- **Directions for this task**: The pictures are to be left out when the listing below is reproduced word for word.

- **Information supplied**:
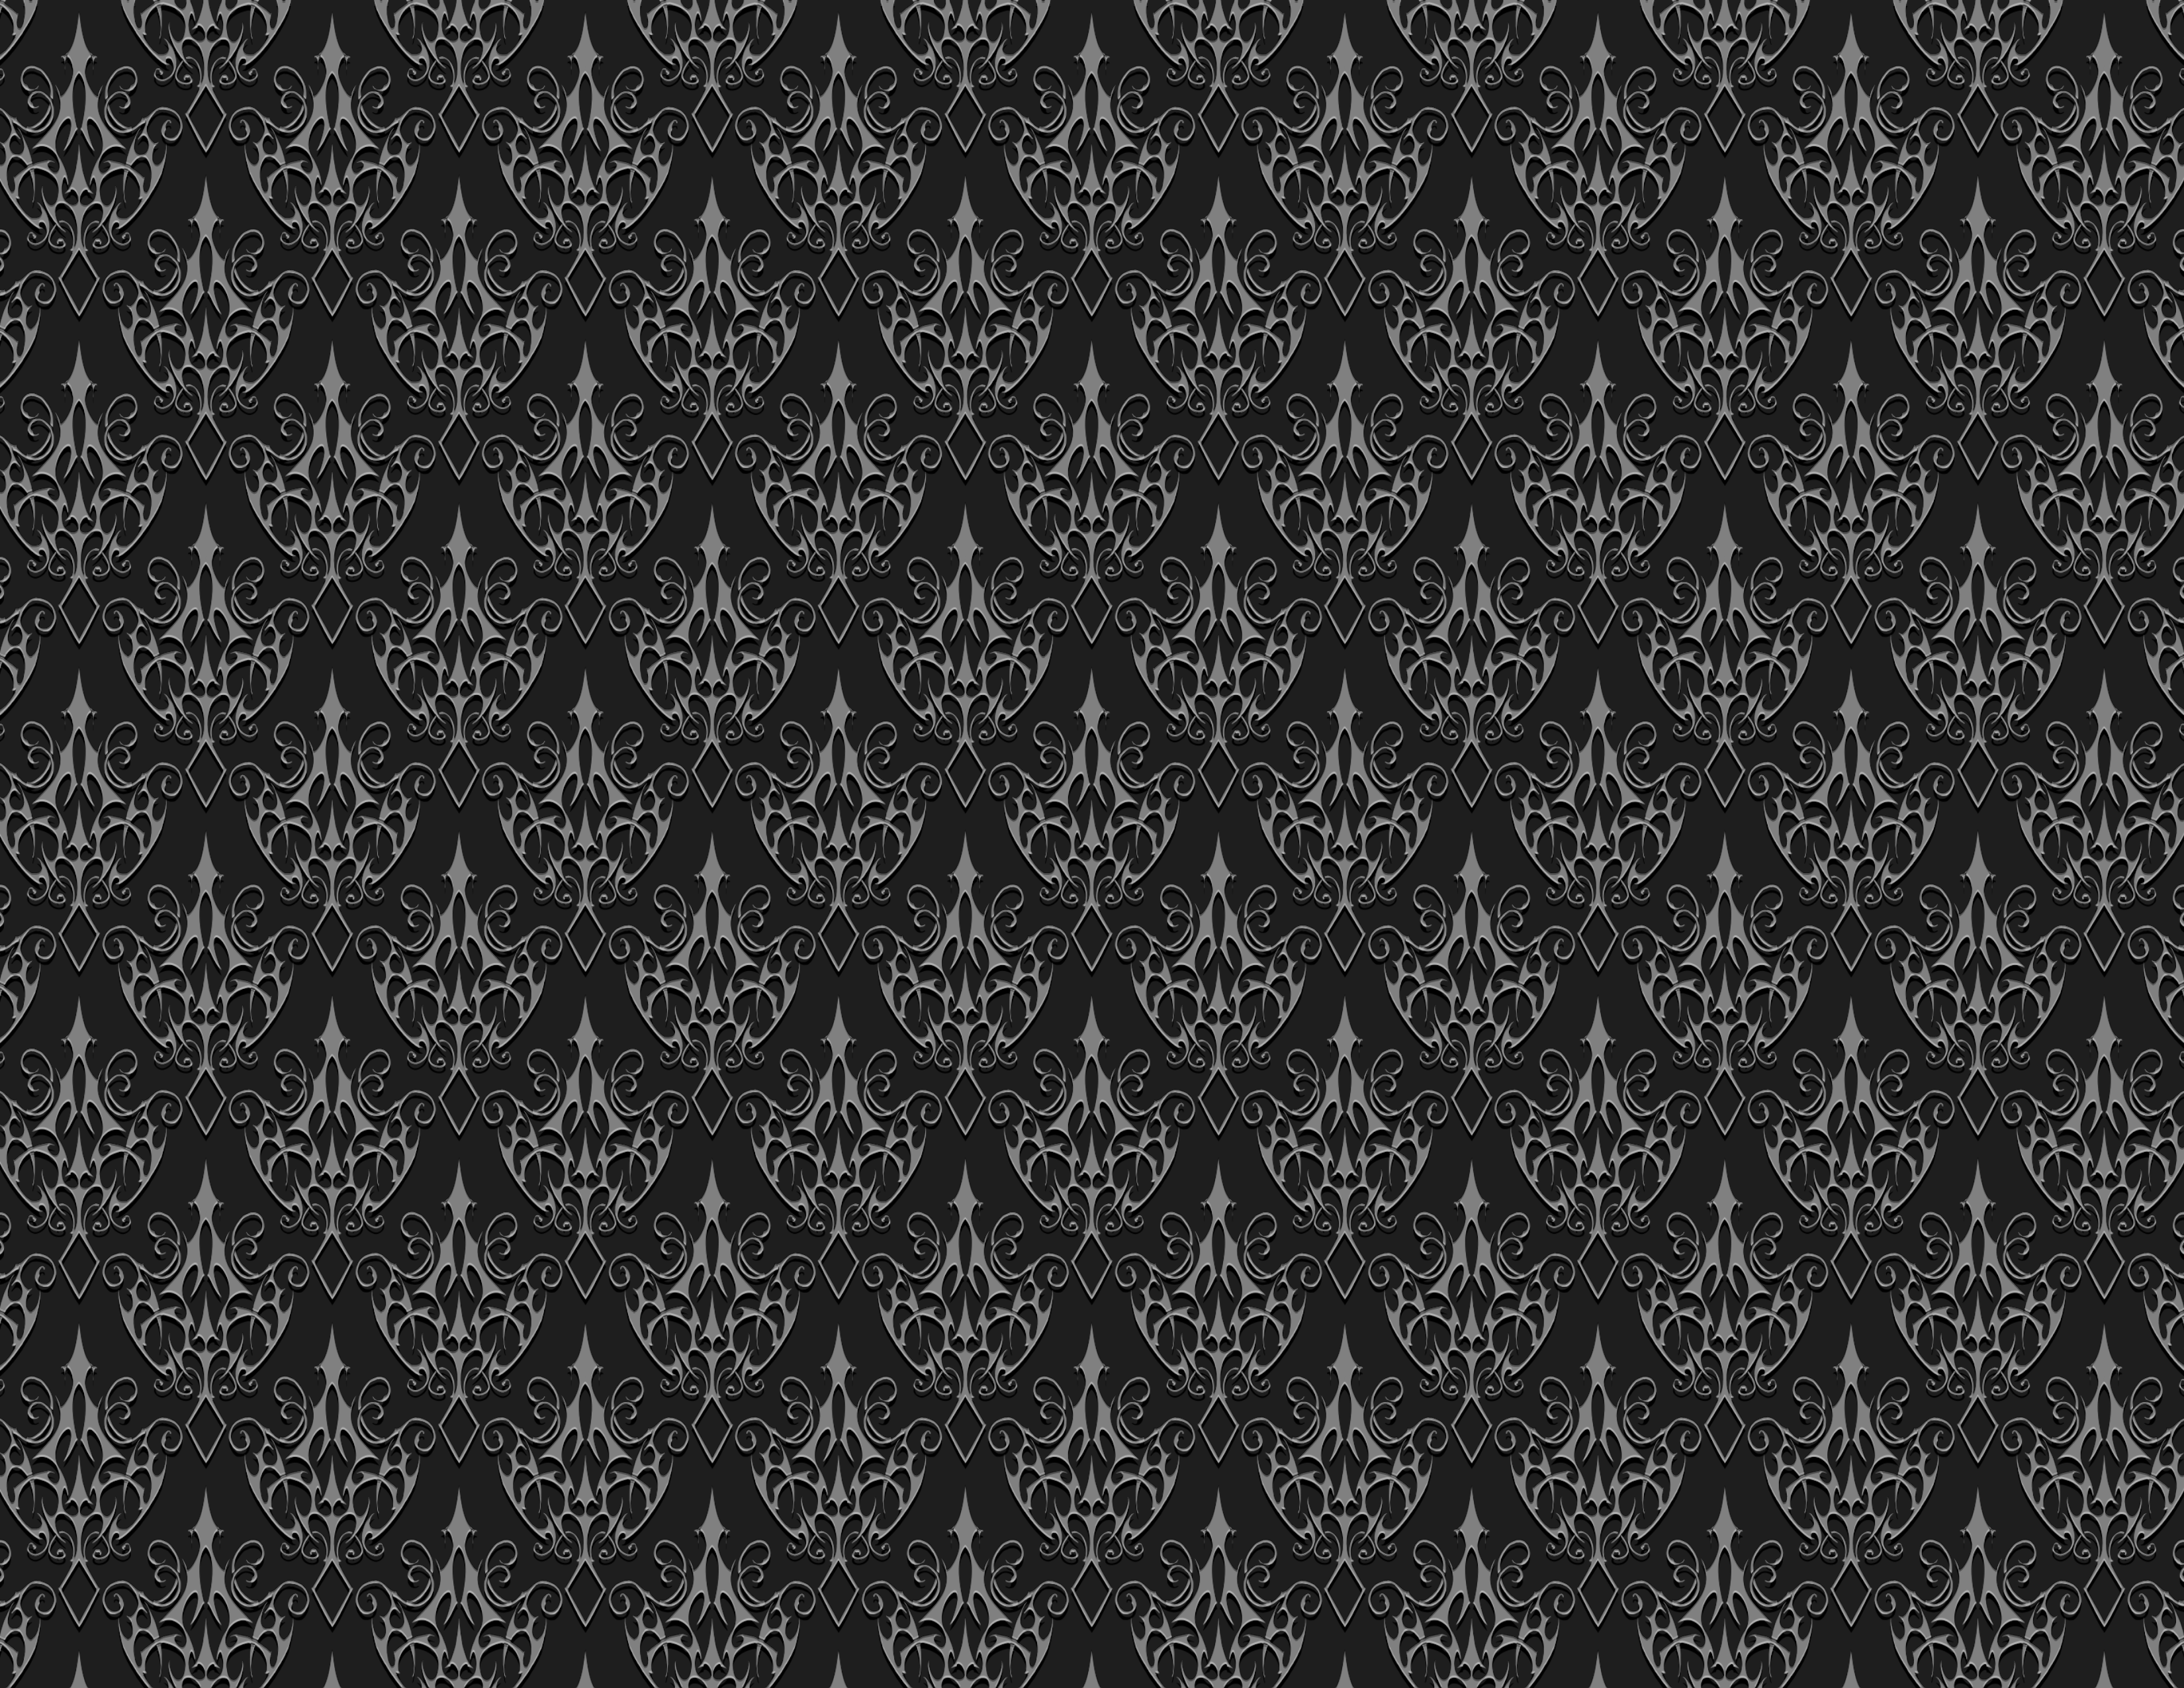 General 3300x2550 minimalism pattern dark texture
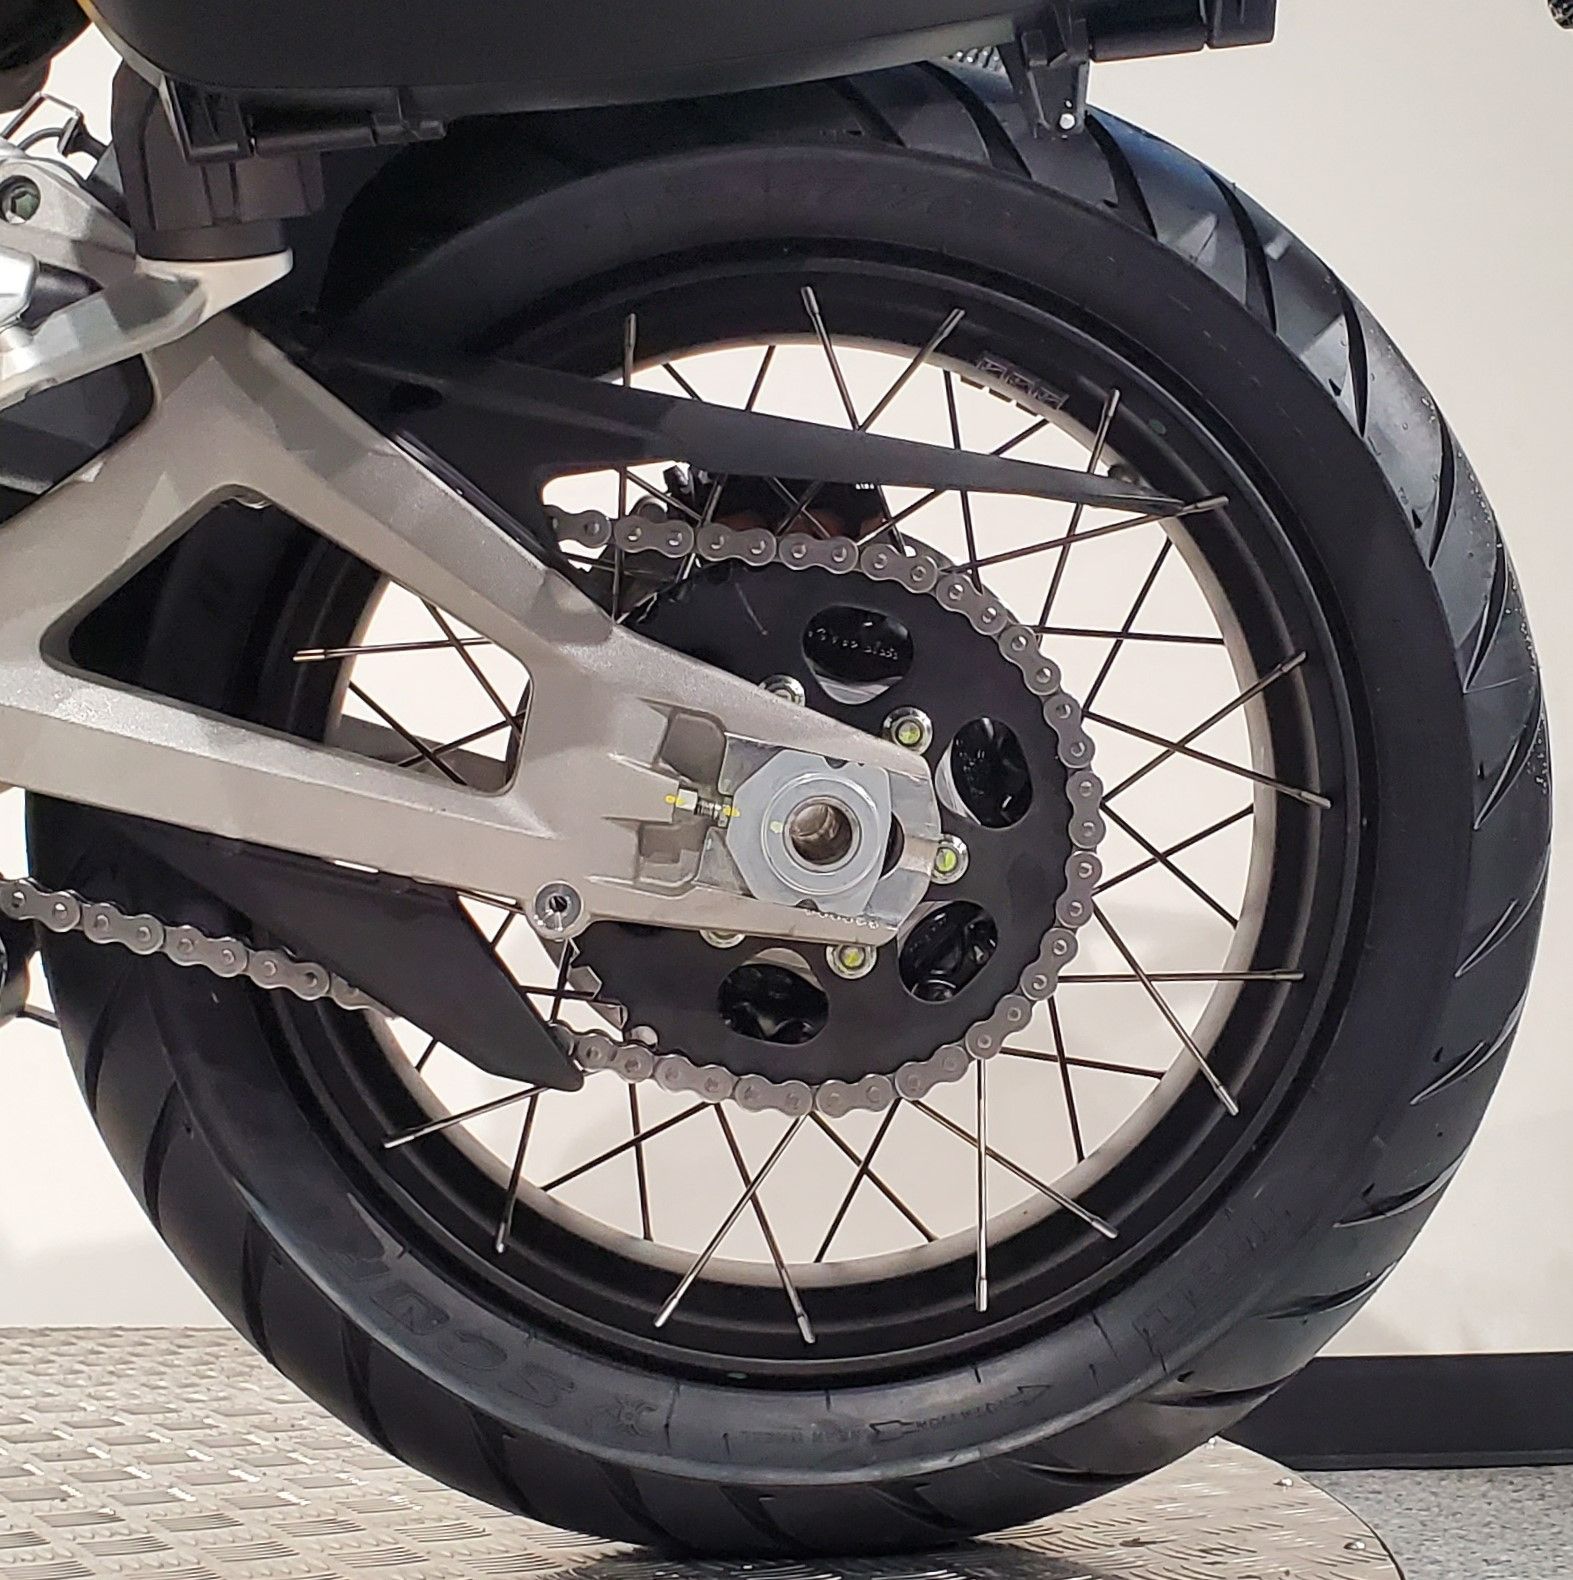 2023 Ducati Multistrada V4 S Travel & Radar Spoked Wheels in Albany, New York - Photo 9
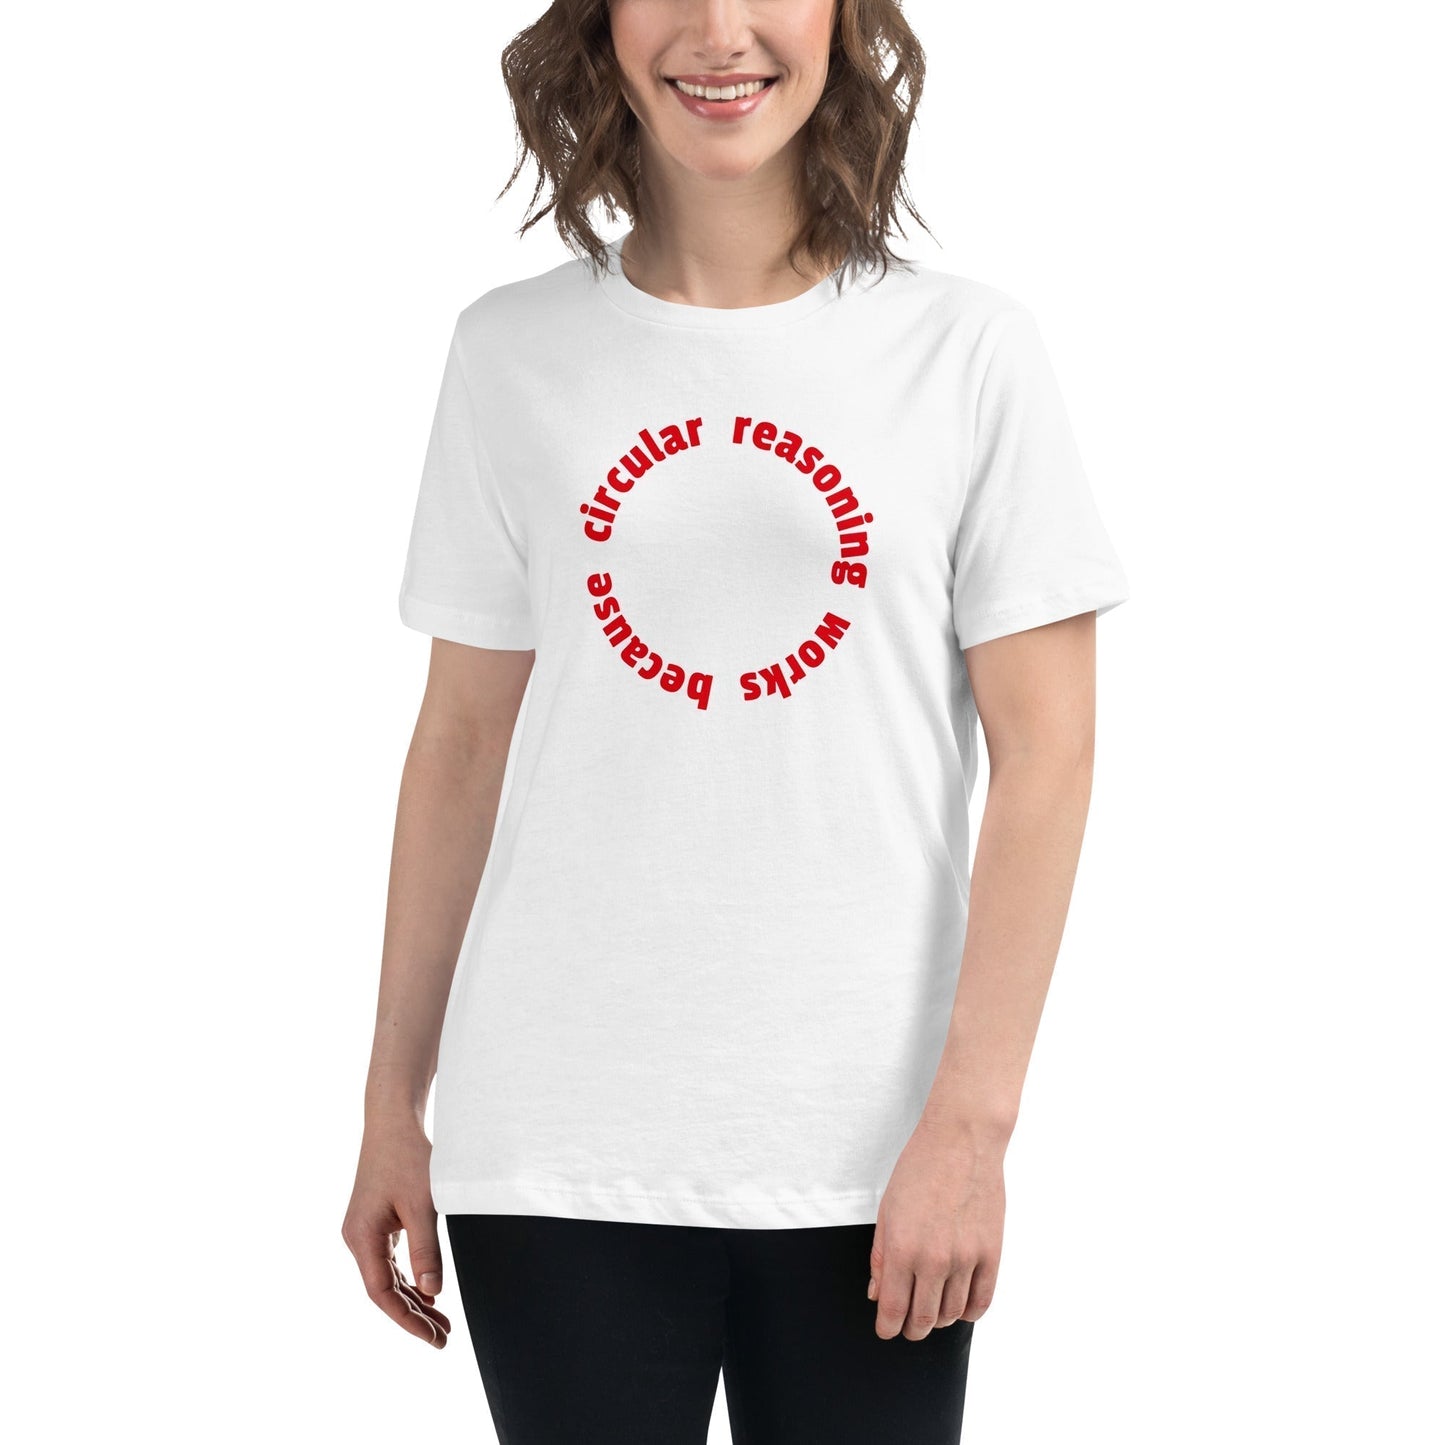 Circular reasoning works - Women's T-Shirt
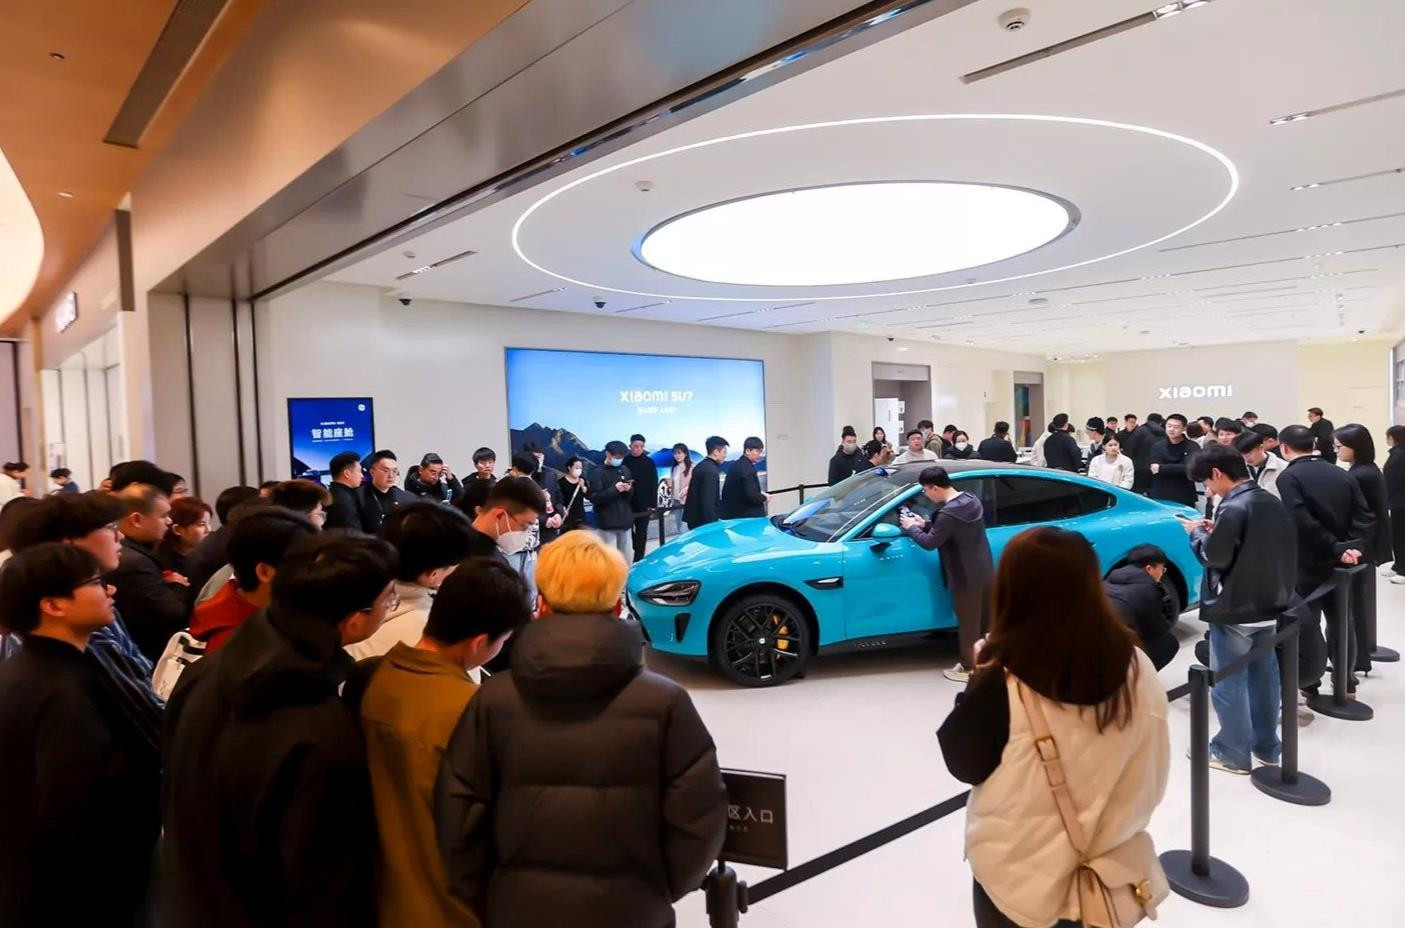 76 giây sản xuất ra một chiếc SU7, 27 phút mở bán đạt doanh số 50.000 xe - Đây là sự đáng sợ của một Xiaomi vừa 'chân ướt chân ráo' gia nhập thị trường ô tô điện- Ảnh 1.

- **The answer**:
 General 3300x2550 minimalism pattern dark texture
 2023 Ducati Multistrada V4 S Travel & Radar Spoked Wheels in Albany, New York - Photo 9
 Circular reasoning works - Women's T-Shirt
 76 giây sản xuất ra một chiếc SU7, 27 phút mở bán đạt doanh số 50.000 xe - Đây là sự đáng sợ của một Xiaomi vừa 'chân ướt chân ráo' gia nhập thị trường ô tô điện- Ảnh 1.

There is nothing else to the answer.